Anxiety is a natural emotional response to stress, experienced by everyone at some point. It can range from mild unease to intense feelings of dread or panic. At its core, anxiety is a protective mechanism, designed to alert us to perceived threats. Today's sources of anxiety, such as work pressure, trauma or societal and family expectations, are typically linked to perceived dangers like failure, judgment or criticism.
Anxiety is fundamentally the fear of the unknown, often triggered when we lack trust in ourselves and our ability to navigate the situations around us. When we feel uncertain about how to handle challenges or confront our personal fears, this can spiral into panic and anxiety. The causes of anxiety are unique to each person, so understanding its root causes is essential for addressing it and creating lasting change.
One transformative approach to managing anxiety is shifting how we relate to it. Rather than viewing anxiety as an enemy to fight or ignore, we can reframe it as a messenger, signalling that something within us is out of alignment. From an early age, many of us are taught to suppress or “push through” anxious feelings, but by embracing anxiety as a natural response, we can start to understand what might be unsettling internally. Approaching anxiety with curiosity rather than fear allows us to learn from it.
Anxiety can also stem from the fear of rejection or disapproval, often rooted in early experiences of emotional neglect or invalidation. When we suppress our authentic feelings and needs in order to avoid rejection, we create an internal conflict. This conflict arises when our true selves are at odds with the persona or mask we present externally to gain acceptance. As we disconnect from our authentic selves and rely on external validation, anxiety builds because we are out of alignment with our core values and desires, leading to an underlying sense of unease and fear.

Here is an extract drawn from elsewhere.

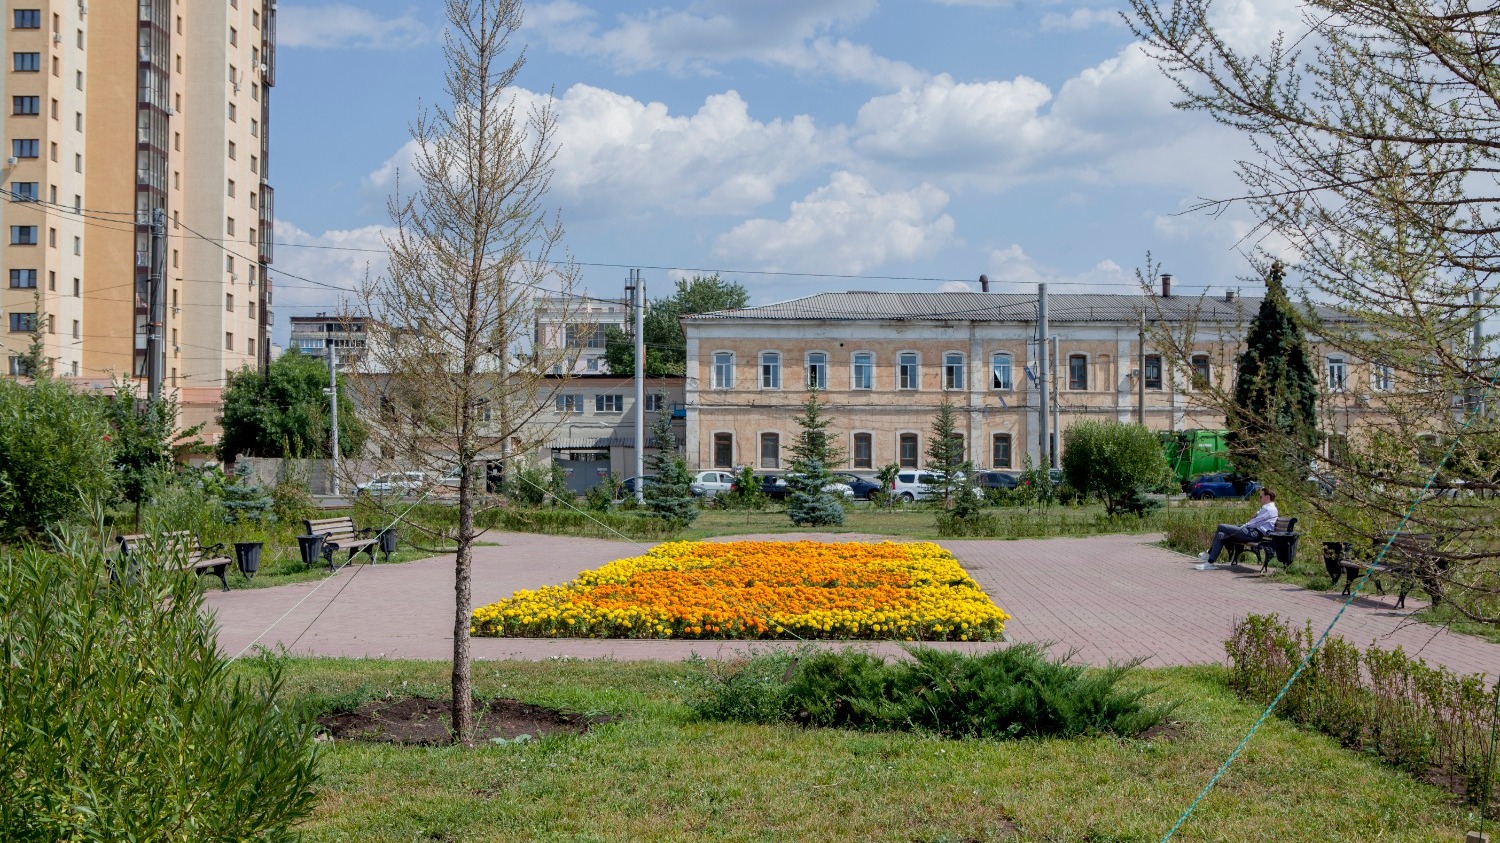 Площадь Павших остается одной из двух старых площадей Челябинска, сохранившихся с дореволюционных времен

Healing this cycle involves reconnecting with a strong sense of ourselves and developing internal validation. By setting healthy boundaries, recognising and honouring our emotions, and learning to trust ourselves, we begin to reduce the anxious need for external approval. As we move toward internal alignment and self-acceptance, the anxiety tied to validation and rejection diminishes, fostering emotional resilience and self-stability.